Один из крупных оптовщиков мануфактурист Василий Семенович Федотов вздумал увеличить свой капитал за счет своих кредиторов, обратился к И.К. Полякову и получил от него согласие на известную скидку с тем, что тот будет поддерживать его на собрании кредиторов. Федотов успокоился, предполагая, что его дело – в шляпе, и принял при разговоре с одним из крупных кредиторов, Николаем Давидовичем Морозовым, еще сравнительно молодым человеком, довольно небрежный тон. Н.Д. Морозов, директор Богородско-Глуховской мануфактуры, талантливый, энергичный и красноречивый, выступил на собрании кредиторов как раз против предложения Полякова, с требованием назначения конкурса над делом Федотова, чтобы этим раз и навсегда отвадить других неплательщиков от посягательства на деньги кредиторов53. Общее собрание с доводами его согласилось, и над делом Федотова был учрежден конкурс54.
Конкурс был проведен скоро и весьма успешно для всех кредиторов, получивших полностью свой долг, и это, кажется, было впервые в продолжение моей жизни, когда при конкурсе никто не потерял из кредиторов, но Федотов был жестоко наказан55.
Третьей фирмой, с которой нашему Товариществу пришлось иметь большие дела, была Реутовская мануфактура, принадлежащая миллионеру Мазурину56. Мазурин был совершенно молодым человеком, но о нем говорили, что он отличается большими дарованиями. Делом не занимался, предоставив вести его Герасиму Сергеевичу Герасимову57, весьма почтенному и солидному человеку, выделившемуся из среды старших работников Мазурина. Герасимов оставался в деле до конца своей жизни; вскоре после его кончины Мазурин продал свою мануфактуру за дешевую цену какому-то обрусевшему немцу58 за миллион рублей. После моего состоявшегося знакомства с Г.С. Герасимовым, представленный ему Н.А. Найденовым, я предложил ему купить хлопка, но получил от него такой ответ: «С делом, где во главе стоит Николай Павлович Кудрин, которому совершенно не доверяю, я не желаю иметь никаких дел!»
Получив такой категорический отказ, придя в контору, передал Николаю Павловичу в мягкой форме слова Герасимова, что он никогда в Товариществе не купит хлопка, так как имеет что-то против него.

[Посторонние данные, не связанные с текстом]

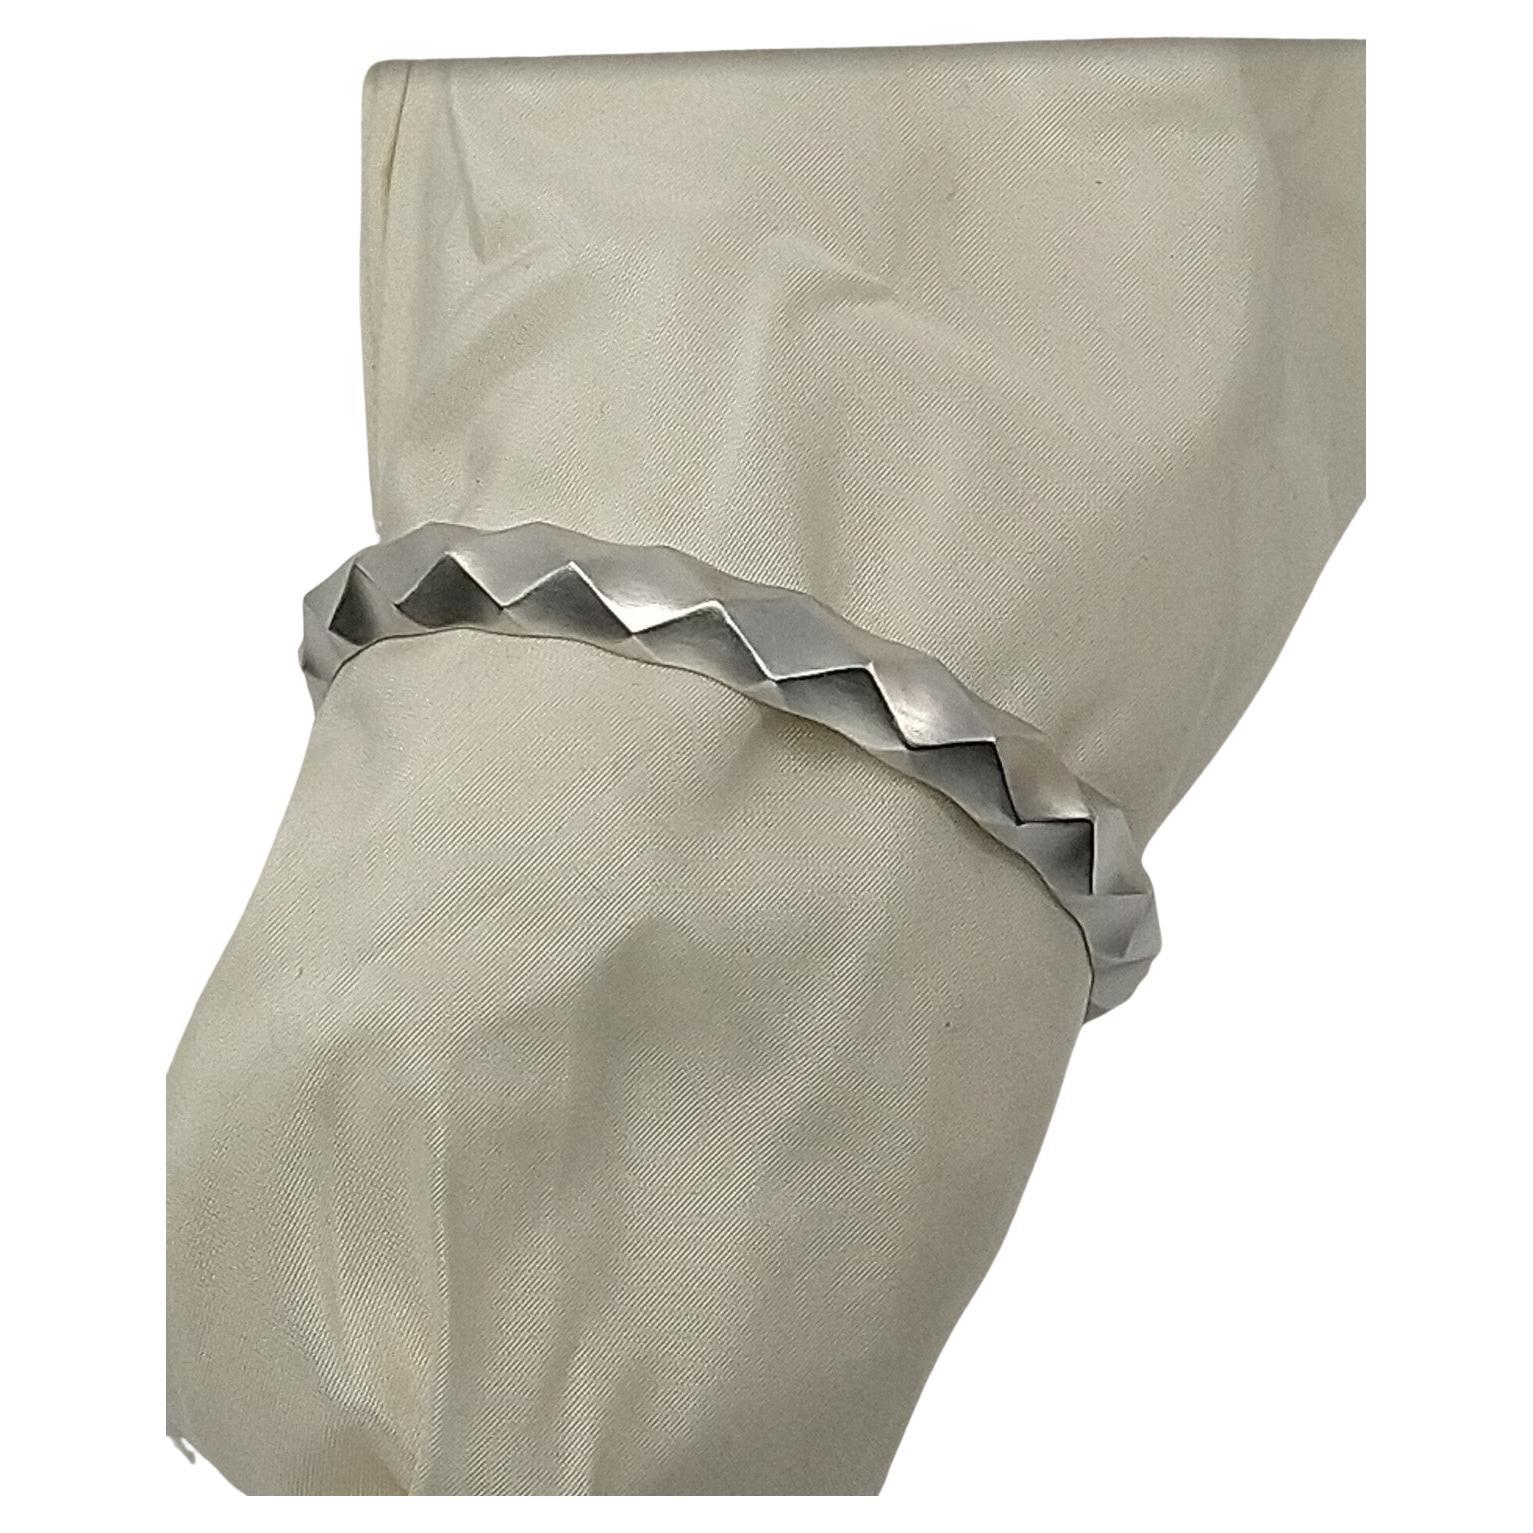 Tiffany designer, Thomas Kurilla created this cuff to exploit the rhombus shape.. 14 Karat White Gold  Concave Unisex Cuff Rhombus Bracelet.  I wear a cuff bracelet for years.  My cuff is 5.4mm or shy 1/4 inch wide. I like the slim simplicity of the

На другой день на Бирже я заметил Кудрина, разговаривающего с Герасимовым, лицо которого не обнаруживало приятного расположения, и подумал: отлетит от него Николай Павлович – долго будет помнить!
В конторе я застал пишущего Кудрина, передавшего мне ордер на продажу двух тысяч кип Реутовской мануфактуре, причем добавил: «Кроме того, через две недели он купит у вас еще столько же, не забудьте!»
С этого времени Реутовская мануфактура сделалась большим покупателем кудринского Товарищества и пайщиком его, с дружеским отношением Герасимова к Кудрину. После чего я Н.П. Кудрина начал считать неотразимой сиреной.
Говоря о Мазурине, я не могу не передать того, что мне пришлось слышать об этой семье; хотя все эти воспоминания не относятся к периоду начала моей работы в Товариществе «Н. Кудрин и Ко», но я решил вставить здесь, отдельной главой, чтобы в дальнейшем не возвращаться к этому.
ГЛАВА 7
Думать, что что-либо невозможно лишь вследствие того, что оно кажется нам непонятным, есть самосомнение человеческого невежества. Поэтому нельзя отрицать возможность чуда как чего-то нам совершенно непонятного.
«Сила и материя (Kraft und Stoff)» проф. Mendsley 59.
С 1888 года по 1902 год мне приходилось бывать в правлении Реутовской мануфактуры, помещавшемся в полуподвальном этаже роскошного особняка Мазурина на Мясницкой улице60, но за все это время ни разу не пришлось встретиться с хозяином этого дела; как предполагаю, Мазурин мало интересовался своим делом. Между тем мне очень хотелось повидать Мазурина и познакомиться с ним, из-за рассказов моей матушки о родоначальнике этой семьи, с которого началось особенное денежное благополучие этой фамилии.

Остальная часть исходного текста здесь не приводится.